However in the mod file standard deviation terms (i.e. sigmas) and lag terms (in 2nd and 3rd equations) are not included.
[name='Preference Shock']
log(d)=rhod*log(d(-1))+epsd;
[name='Labor disutility Shock']
log(phi)=rhophi*log(phi(-1))+epsphi;
[name='Investment specific technology']
log(mu_I)=Lambdamu+epsmu_I;
[name='Neutral technology']
log(mu_A)=LambdaA+epsA;
[name='Taylor Rule']
R/Rbar=(R(-1)/Rbar)^gammmaR*((PI/PIbar)^gammmaPI*((yd/yd(-1)*mu_z)/exp(LambdaYd))^gammmay)^(1-gammmaR)*exp(epsm);
- I would like to know what is the reason for this set up?
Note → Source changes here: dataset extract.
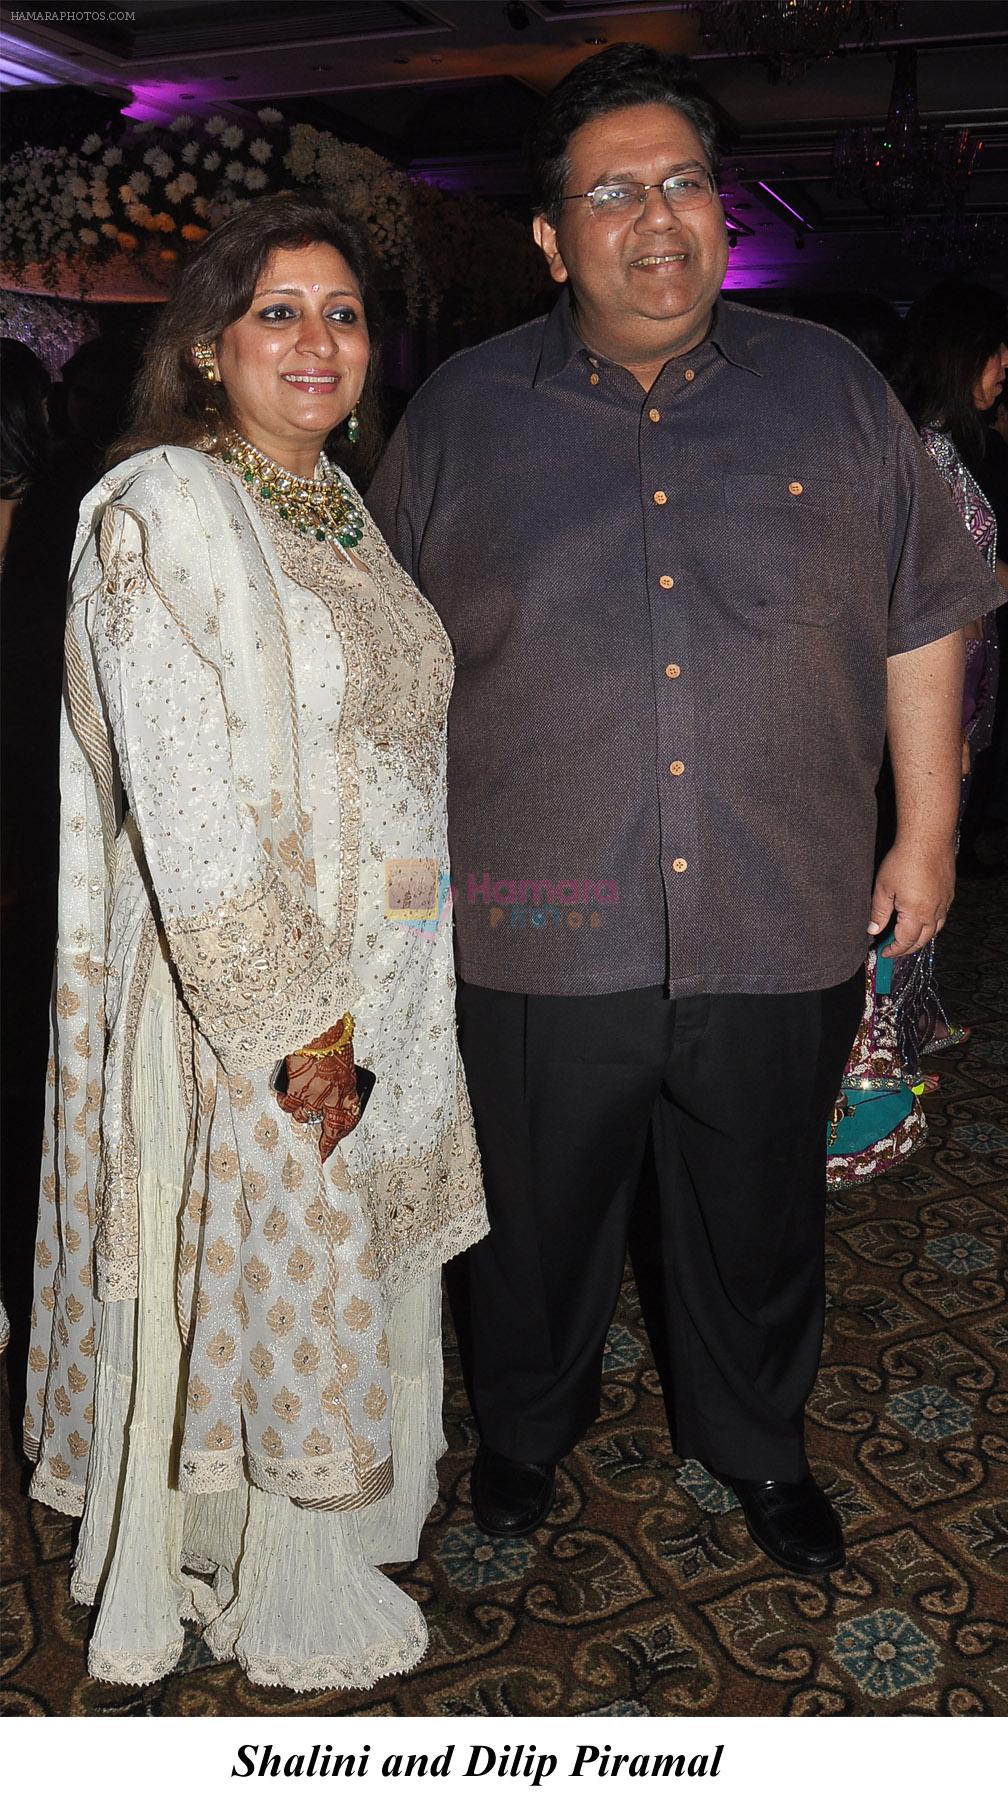 Shalini and Dilip Piramal at the Engagement ceremony of Arjun Hitkari with Gayatri on 19th April 2012
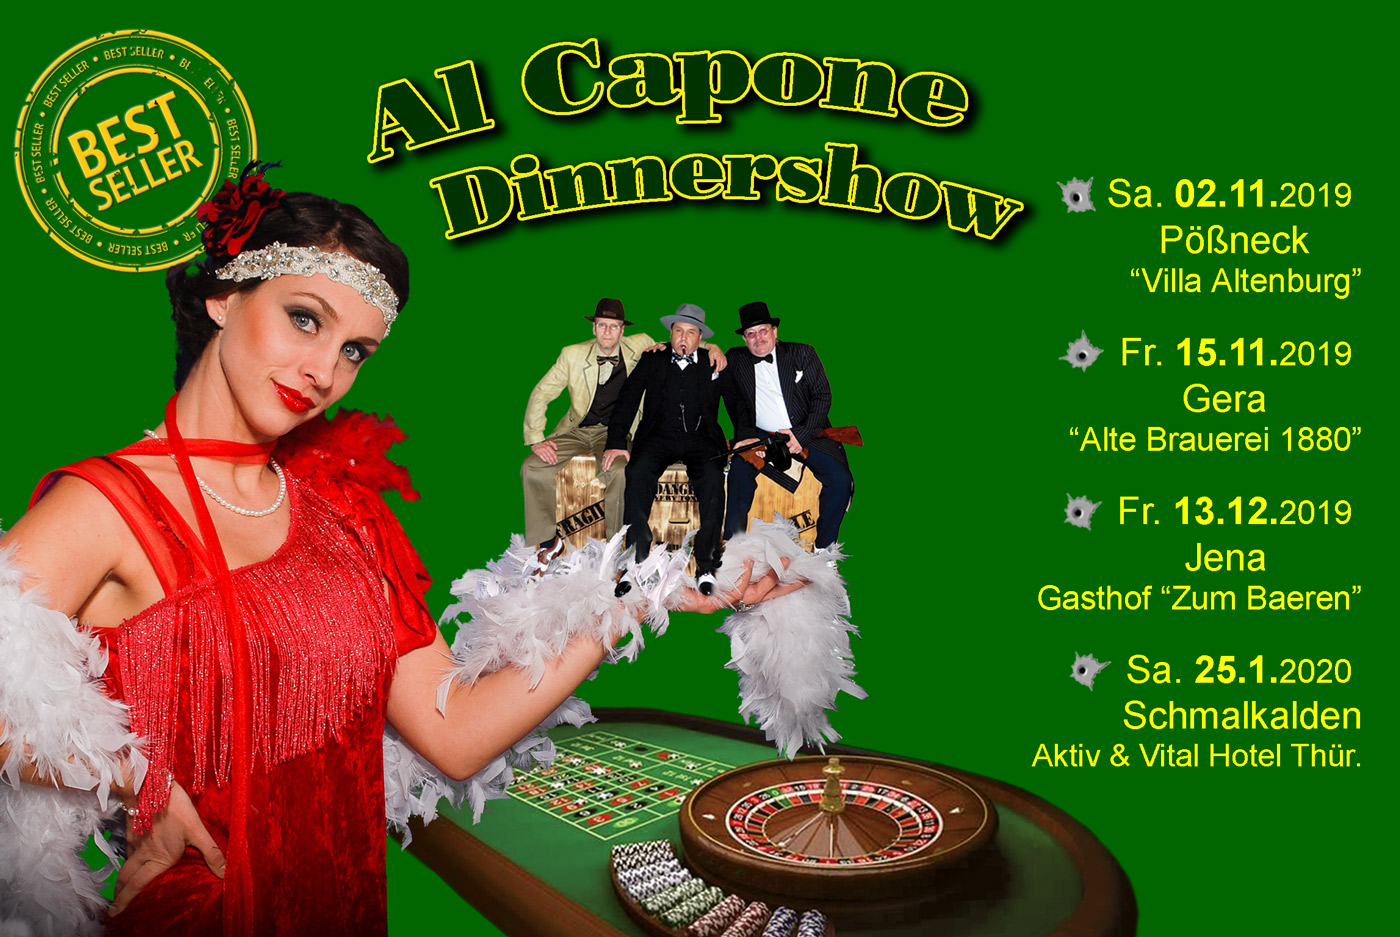 Al Capone Dinnershow mit Comedy, Catering und Casino

- Does it has any consequence on the estimation result?
 
            
              
              
              
            
            
           
          
            
            
              Thank you professor.
Is it possible to define sigma terms as model local variables like below;
#sigma_A = log(sigma_A_trans);
#sigma_d = log(sigma_d_trans);
#sigma_phi = log(sigma_phi_trans);
#sigma_mu = log(sigma_mu_trans);
#sigma_m = log(sigma_m_trans);
So that I can estimate them as per below?;
sigma_A_trans,	inv_gamma_pdf,  0.1,     	2; 	
sigma_d_trans,	inv_gamma_pdf,  0.1,     	2;  	
sigma_phi_trans,inv_gamma_pdf,  0.1,     	2;  
sigma_mu_trans,	inv_gamma_pdf,  0.1,     	2;  	
sigma_m_trans,	inv_gamma_pdf,  0.1,     	2;  
             
            
              
              
              
            
            
           
          
            
            
              No, that won’t work. You should change the file to look like this:
             
            
              
              
              
            
            
           
          
            
            
              Thank you professor.
I’m planning on including measurement error terms in the observation equations for wage growth, gdp growth, and inflation using Dynare capabilities. Can you give me a guidance on how to go about determining the shapes of the distribution and standard deviations for these error terms?
             
            
              
              
              
            
            
           
          
            
            
              I would suggest to have a look at other papers using measurement error. One option is to use a uniform distribution with an upper bound equal to e.g. one quarter of the variance.
             
            
              
              
              
            
            
           
          
            
            
              Thank you professor.
I’ve noticed estimation works for a certain portion of my data set but for the rest I get “error: chol: input matrix must be positive definite”. I’m using mode compute = 4. Could you tell me what causes this error?
             
            
              
              
              
            
            
           
          
            
            
              You’re most likely starting to sample the posterior distribution from a flat area. See this explanation of the algorithm behind mode_compute=6 and this post: Error: chol: input matrix must be positive definite - #2 by jpfeifer
             
            
              
              
              
            
            
           
          
            
            
              Just to be clear, once I’ve have my mod file modified as per above, can I specify sigma terms directly as below in the estimation block?;
sigma_d, inv_gamma_pdf, 0.1, 2;
sigma_phi, inv_gamma_pdf, 0.1, 2;
sigma_A, inv_gamma_pdf, 0.1, 2;
sigma_m, inv_gamma_pdf, 0.01, 2;
sigma_mu, inv_gamma_pdf, 0.01, 2;
             
            
              
              
              
            
            
           
          
            
            
              Yes. Can you provide the current version to check?
             
            
              
              
              
            
            
           
          
          
            
            
              Thank you for checking the code professor.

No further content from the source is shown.